Drastic increase in disk usage after starting repair on 3.7

2017-09-20 Thread Paul Pollack
Hi,

I'm running a repair on a node in my 3.7 cluster and today got alerted on
disk space usage. We keep the data and commit log directories on separate
EBS volumes. The data volume is 2TB. The node went down due to EBS failure
on the commit log drive. I stopped the instance and was later told by AWS
support that the drive had recovered. I started the node back up and saw
that it couldn't replay commit logs due to corrupted data, so I cleared the
commit logs and then it started up again just fine. I'm not worried about
anything there that wasn't flushed, I can replay that. I was unfortunately
just outside the hinted handoff window so decided to run a repair.

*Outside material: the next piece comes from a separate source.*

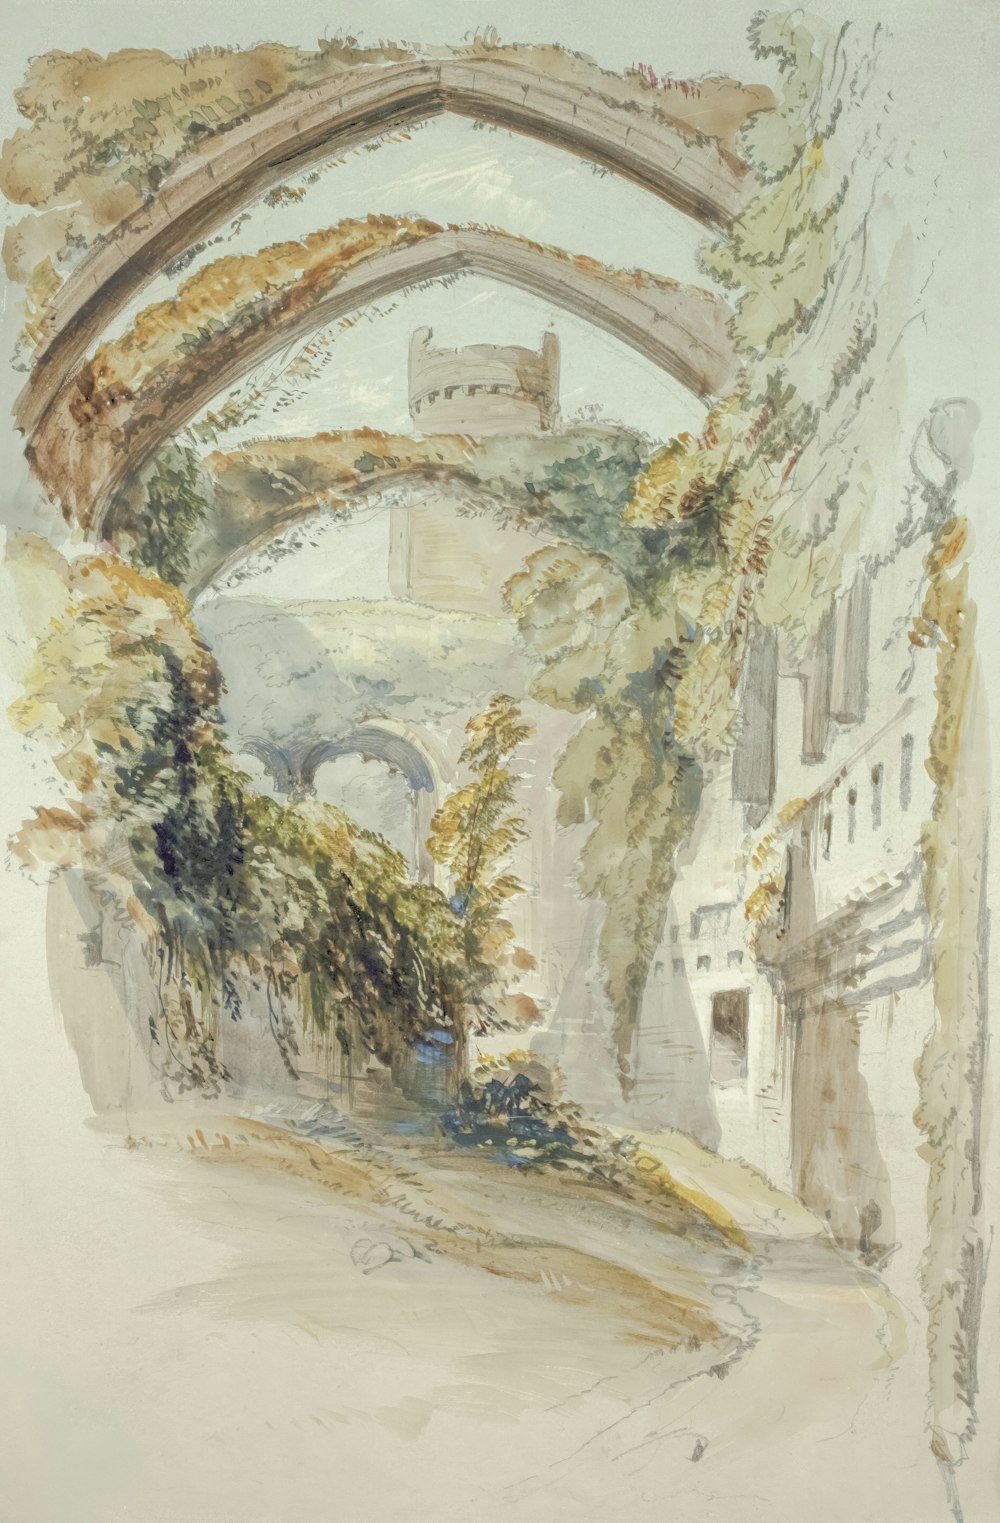 a painting of an archway leading to a castle

Roughly 24 hours after I started the repair is when I got the alert on disk
space. I checked and saw that right before I started the repair the node
was using almost 1TB of space, which is right where all the nodes sit, and
over the course of 24 hours had dropped to about 200GB free.

My gut reaction was that the repair must have caused this increase, but I'm
not convinced since the disk usage doubled and continues to grow. I figured
we would see at most an increase of 2x the size of an SSTable undergoing
compaction, unless there's more to the disk usage profile of a node during
repair. We use SizeTieredCompactionStrategy on all the tables in this
keyspace.

Running nodetool compactionstats shows that there are a higher than usual
number of pending compactions (currently 20), and there's been a large one
of 292.82GB moving slowly.

Is it plausible that the repair is the cause of this sudden increase in
disk space usage? Are there any other things I can check that might provide
insight into what happened?

Thanks,
Paul